After the sales Rep dimension is filled for the first time, the logic to update the dimension has to be handled differently. A change of a record in the source system has to be handled as a change in the dimension. The SCD2 logic is used to handle this.

The SCD2 implementation requires a more complex transformation to correctly handle changes in the source files. For detailed information consult the comments in the code.
### Setting the parameters
The timestamp of the job is used to set the scd_end date of the previous record and the scd_start date of the new record.

In [3]:
run_timestamp =datetime.now() #The job runtime is stored in a variable

### Read existing dimension

In [5]:
dt_dimSalesRep = DeltaTable.forPath(spark,".\\spark-warehouse\\dimsalesrep")
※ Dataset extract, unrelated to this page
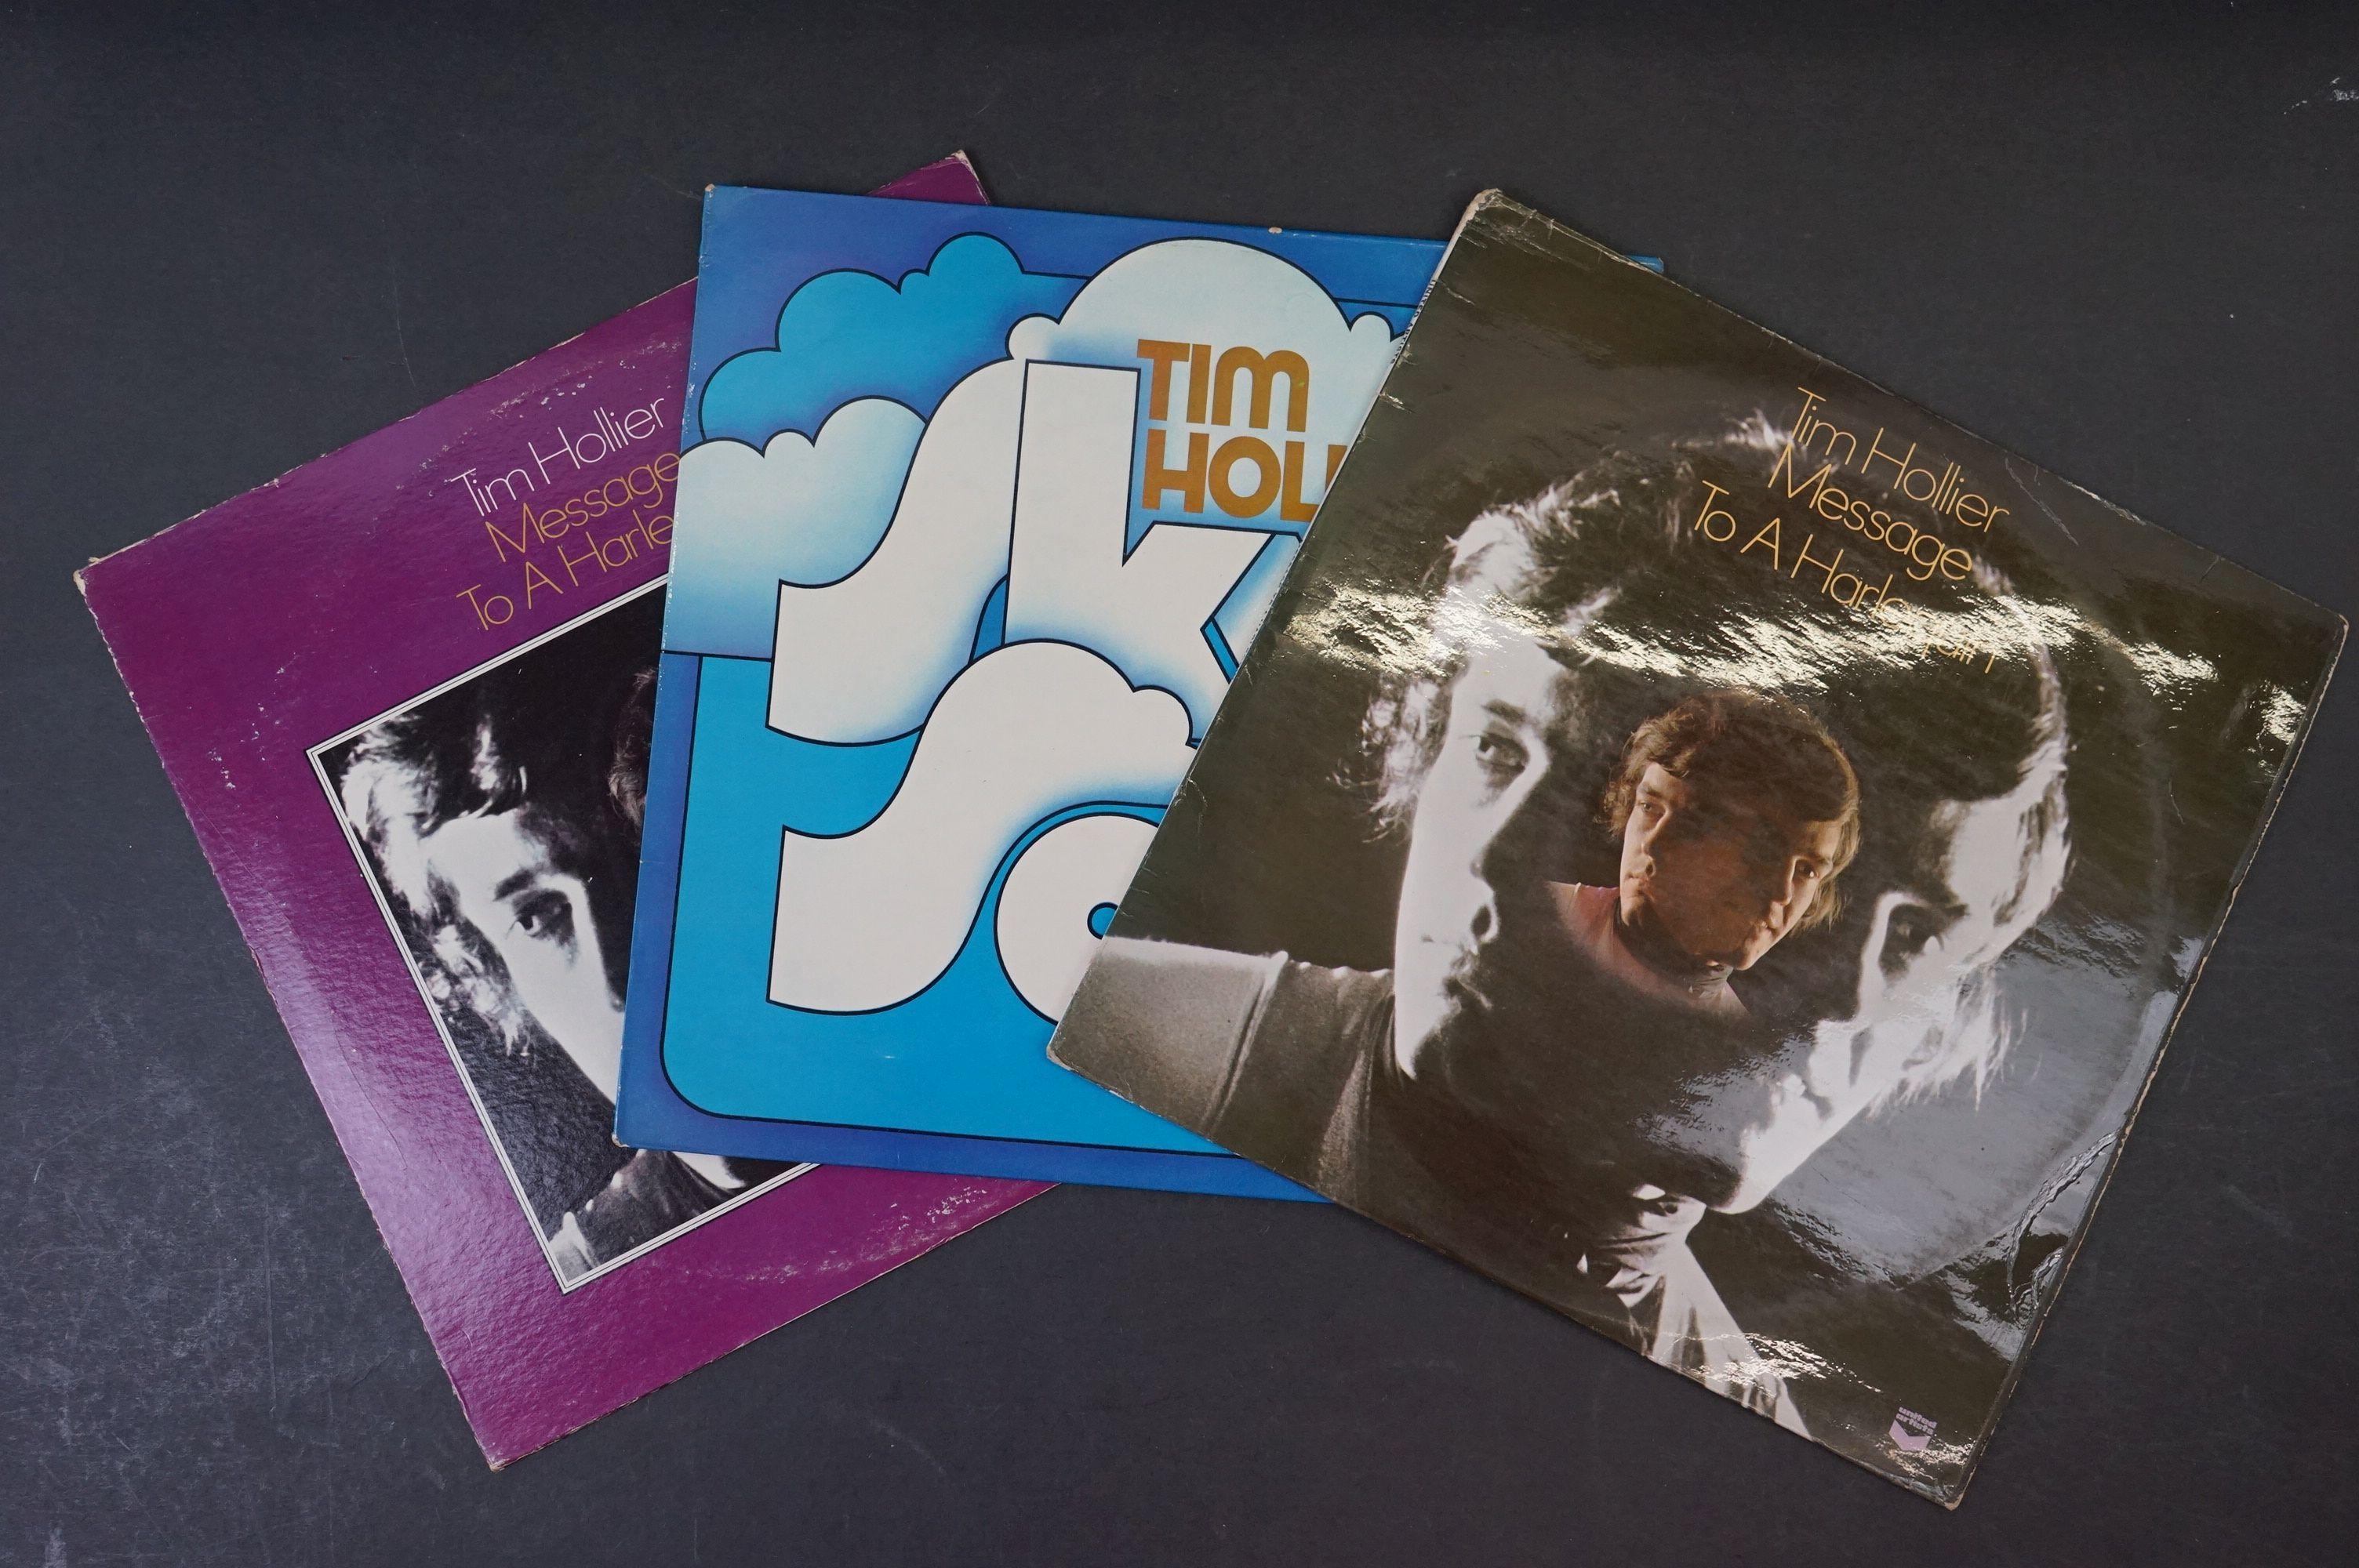 Vinyl - Acid Folk / Psych - Tim Hollier, Three scarce original pressing albums to include ??

dt_dimSalesRep.toDF().createOrReplaceTempView("dimSalesRep_current")

#DEBUG CODE TO SHOW CONTENT OF DIMENSION
spark.sql("select salesRepID, name, office, salesRepSK, md5  from dimSalesRep_current ").show()

+----------+-------------+-------------+--------------------+--------------------+
|salesRepID|         name|       office|          salesRepSK|                 md5|
+----------+-------------+-------------+--------------------+--------------------+
|         5|     T. Mosby|       Berlin|d3858661-67e5-4fb...|947579dec8084039e...|
|         6|   H. Simpson|       Berlin|3ad7fdb8-02a2-467...|d636d1b0685650b34...|
|         7|   B. Stinson|San Fransisco|5880490b-03a6-4c3...|e726b2d8dc0cf9a6f...|
|         8|L. Hofstadter|     Brussels|b7c5e413-413e-421...|a2bbe52f8274b0f08...|
|         9|    S. Cooper|     Brussels|e28d311d-c5d3-412...|d85c73c9d03df0002...|
|        10| F. Underwood|     Brussels|76e8eb70-4124-41d...|44cd1a6d596b05688...|
|        11|     W. White|     New York|b86a98c1-b1a1-447...|f9ea69ce2aa4482b4...|
|        12| T. Lannister|     New York|d8c23730-aa18-44b...|3259a471f9816d7c3...|
|        13|      M. Ross|       London|1d1ba85a-a7ea-40c...|d0faf94c1bbe2d4a7...|
|   

### Read source table


##### 1 READ SOURCE TABLE
Creating dataframe with source table (from operational system). Transformed to the dimension format.
The surrogate key is a uuid to be sure it's unique.
md5 hash is used to identify changes in the source table.
A view is created of the resulting dataframe to make it available for the next step.

In [7]:
cc.set_connection("tutorial_op")

#a. Reading from a JDBC source
df_operational_sales_rep = spark.read \
    .format("jdbc") \
    .option("driver" , cc.get_Property("driver")) \
    .option("url", cc.create_jdbc()) \
    .option("dbtable", "salesrep") \
    .option("user", cc.get_Property("username")) \
    .option("password", cc.get_Property("password")) \
    .option("partitionColumn", "salesRepID") \
    .option("numPartitions", 4) \
    .option("lowerBound", 0) \
    .option("upperBound", 20) \
    .load()

df_operational_sales_rep.createOrReplaceTempView("operational_sales_rep")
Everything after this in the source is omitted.